Would you reproduce exactly, and only, the lines starting at the one with "Best ideas about Vertical Water Storage Tank" and ending at the last line of the data, with both included? Leave the pictures out.

- **Given data**:
—————
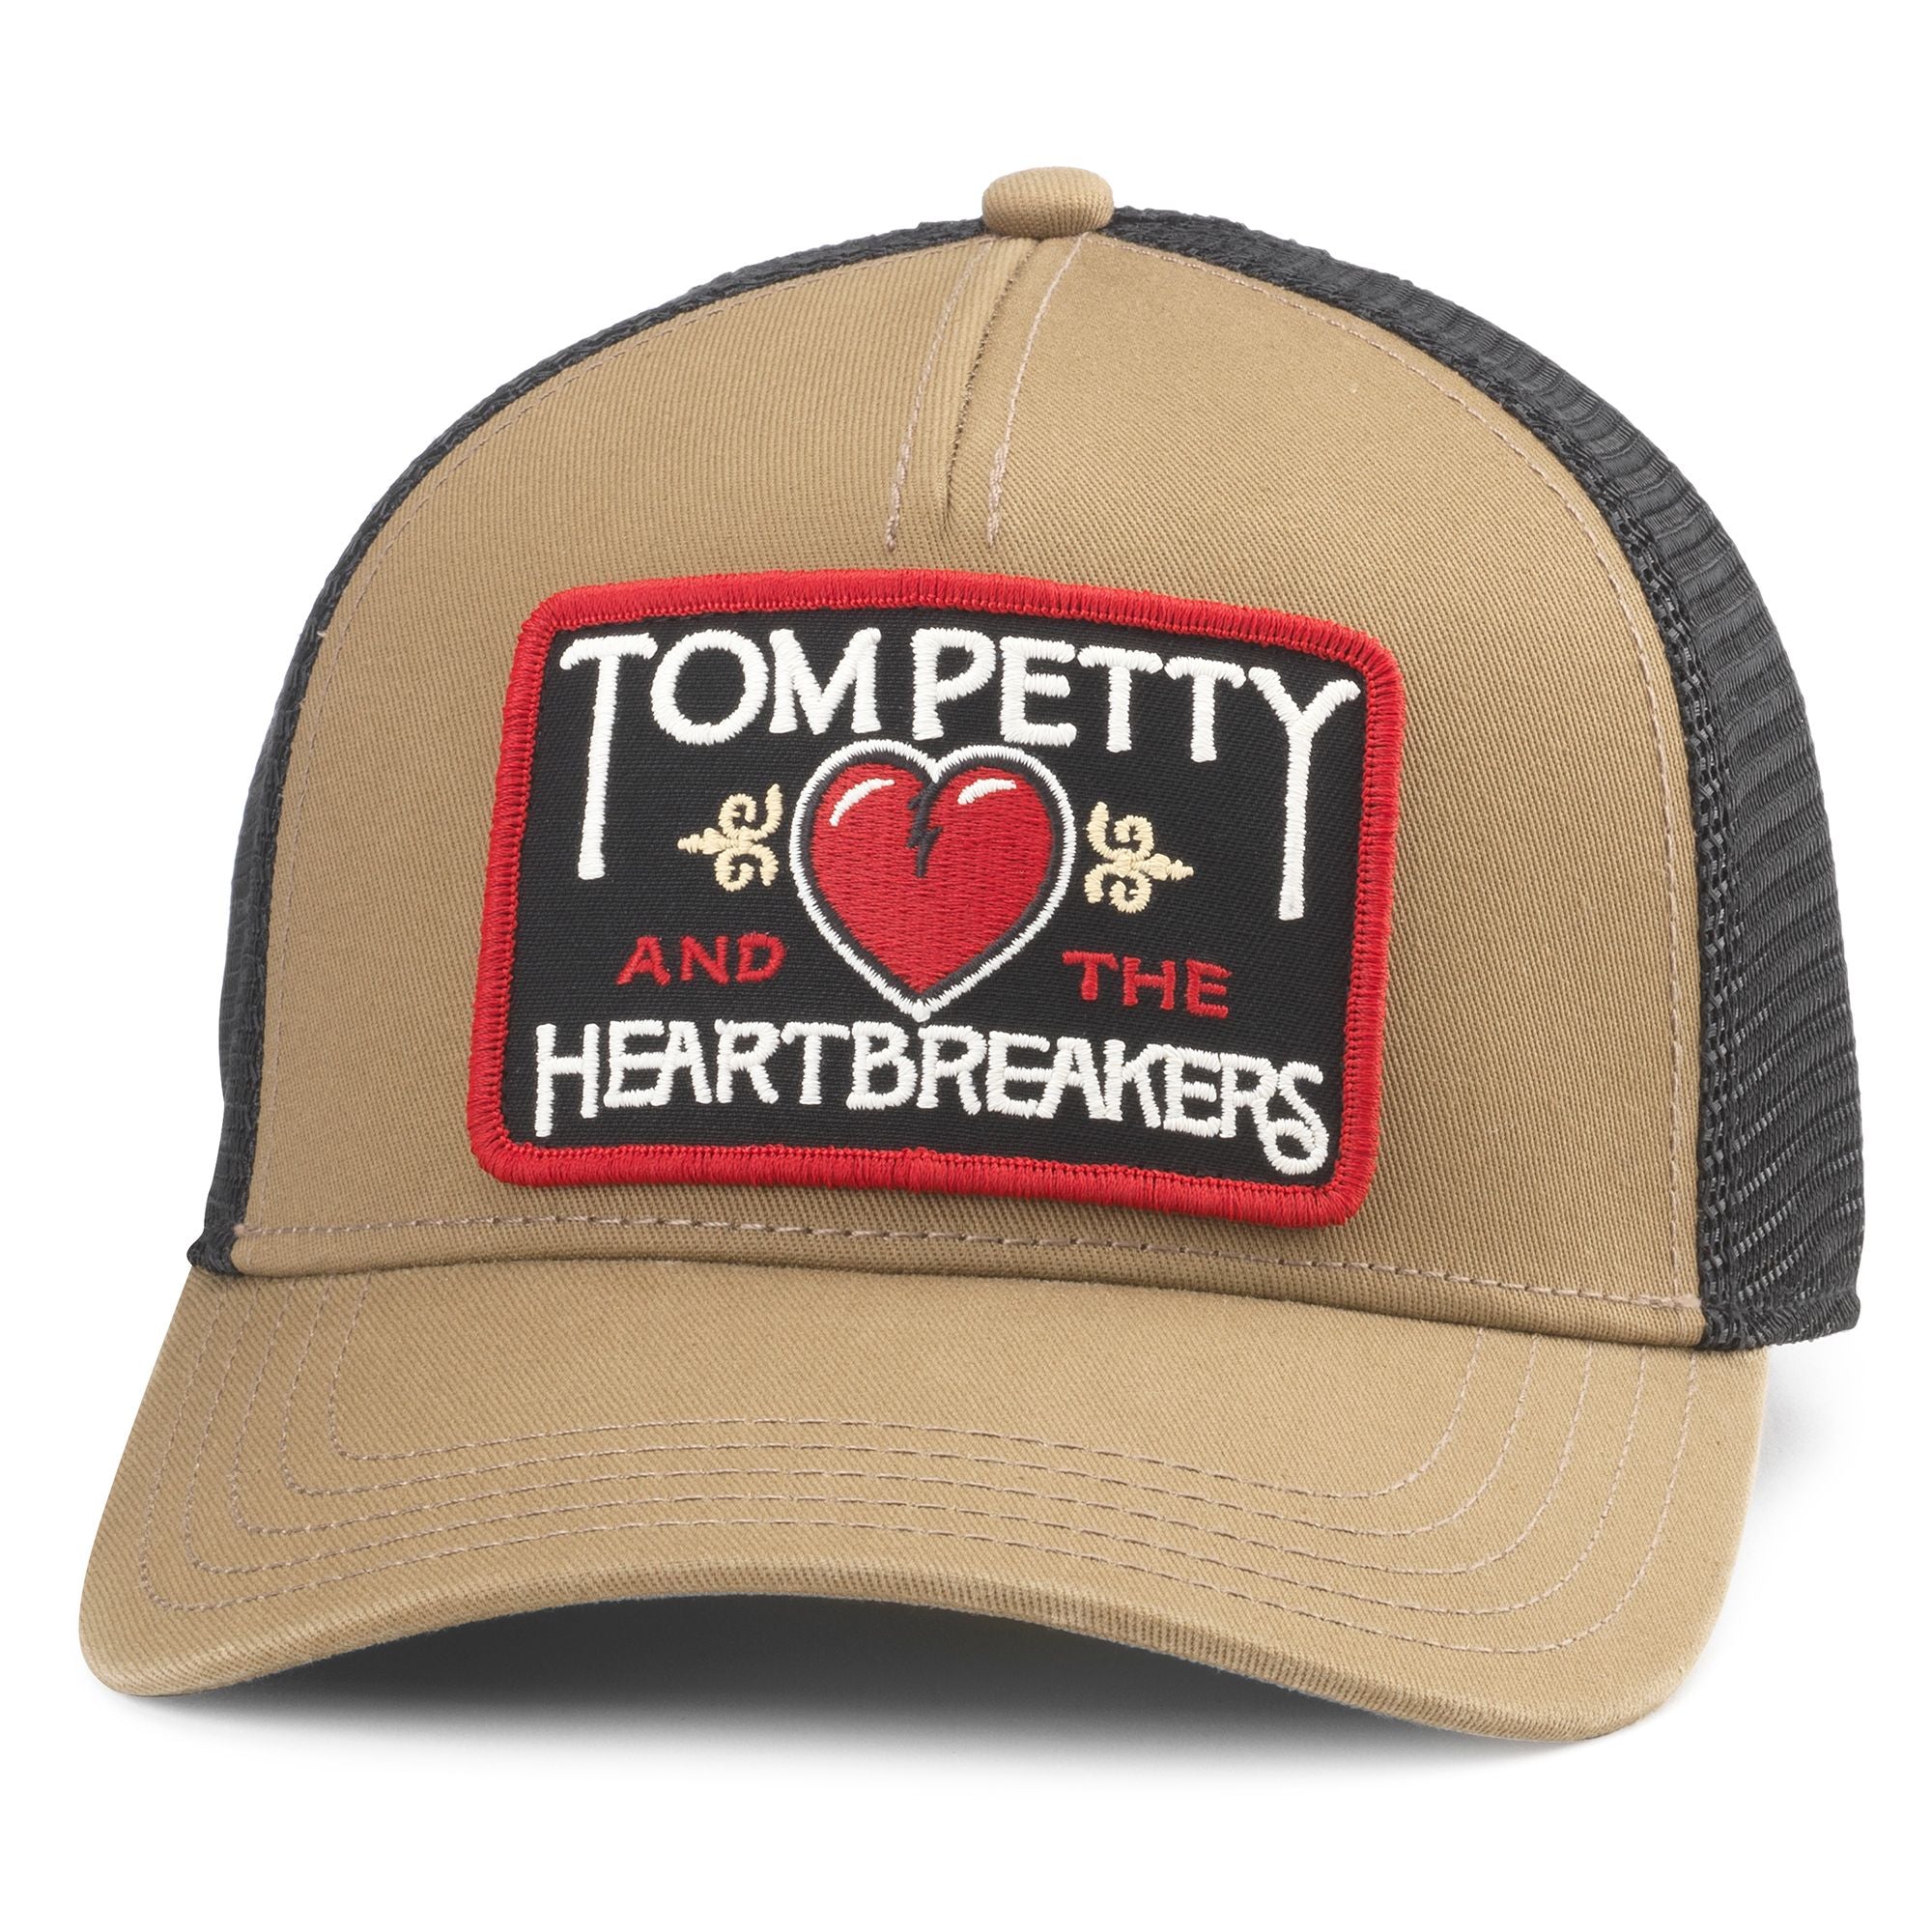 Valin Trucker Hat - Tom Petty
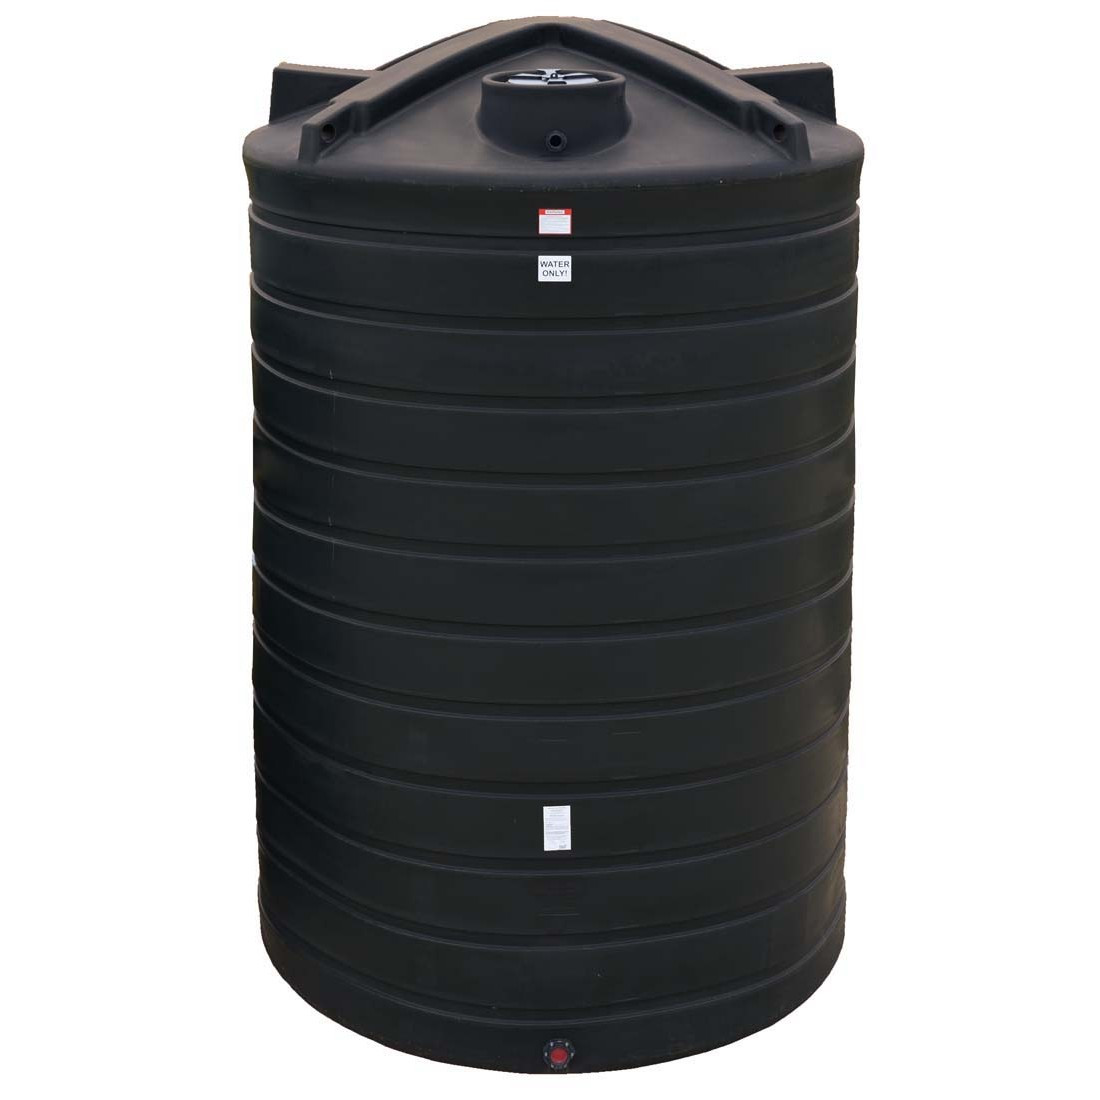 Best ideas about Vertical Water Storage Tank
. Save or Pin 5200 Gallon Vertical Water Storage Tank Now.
—————
- **Expected output**:
 Best ideas about Vertical Water Storage Tank
. Save or Pin 5200 Gallon Vertical Water Storage Tank Now.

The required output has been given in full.